Employees and Stockholders
Your buyer will likely identify employees that it wants to retain post-sale. Issues of job titles, reporting structure, compensation, benefits, non-competes, non-solicitation agreements, intellectual property ownership and transition mechanics will loom large and can derail a deal.
It is a good idea to identify who you believe to be your key employees that a buyer would want or need, and determine the status of each key employee’s compensation, benefits, and any post-employment restrictions they are currently obligated under.
This baseline can then be used to inform your thinking on whether or not you need to develop an incentive program to ensure the cooperation of your key employees. You will also want to think about how and when you will bring them into the transaction.
Similarly, a Buyer will want all of your equity owners (stockholders, members, partners) to sign off on a deal, and if the deal is structured as a purchase of equity, the buyer will want 100% of the equity.

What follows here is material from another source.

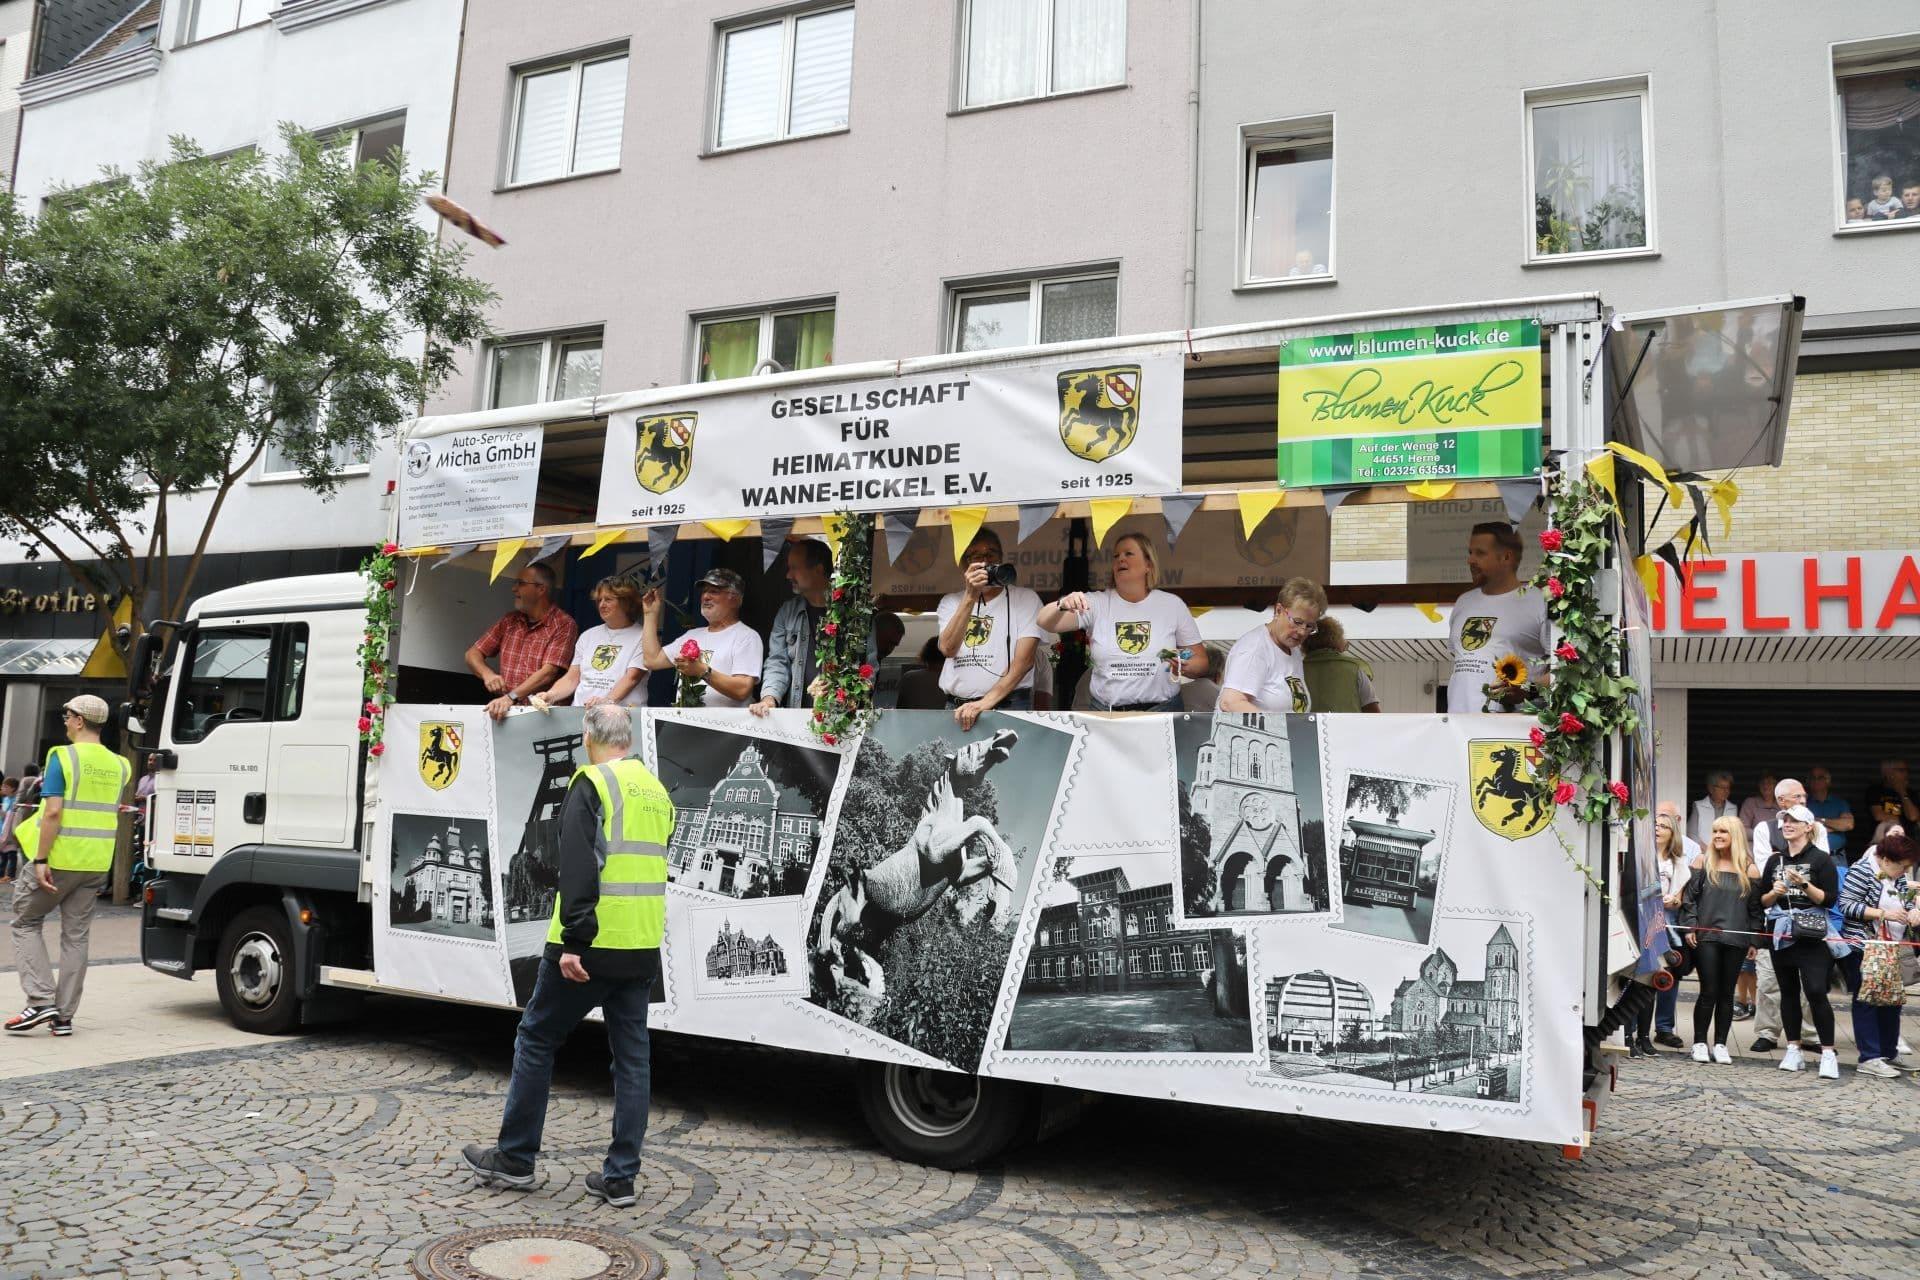 4 Wagen der Gesellschaft für Heimatkunde Wanne-Eickel.jpg

You should start planning how to get all your equity owners on board as early as possible. Do you have drag along or tag-along rights in a stockholders agreement or operating agreement? What are the terms? What leverage do you have to bring people along?
As you work your way through due diligence and approach closing, you will want to have already developed a strategy for dealing with employees and equity owners. The closer you get to closing, the less leverage you have. A minority shareholder or employee holding out and not signing the deal documents can undermine a buyer’s confidence, interest and even kill a deal.
Leave Yourself an Exit
The sales process can be exciting. Discussions include the possibility of large sums of money and the final reward for all of your hard work. The buyer is flattering and the end is in sight.
There is, however, a lot of work and a long distance between the sales pitch and closing. If you are not careful, you can find yourself in a position where all of your customers, employees, and competitors know you are selling your business, possibly even some of the terms, before closing, while the buyer is pushing positions on final terms that are not acceptable to you. In this situation, you have little leverage.
You will want to work with your team of professionals to carefully create a strategy that maintains your ability to say “No” without catastrophic outcomes. This will include carefully planning how and when to provide requested information on customers, suppliers, clients, R&D projects, intellectual property, employees, new ventures, marketing plans, financial strength and other strategic and confidential information.
Selling your business is a high stakes proposition. It is complicated and can be nerve-racking. With an experienced professional team and proper planning, you can successfully navigate the complexities, lower and manage the stresses, and achieve a truly rewarding conclusion.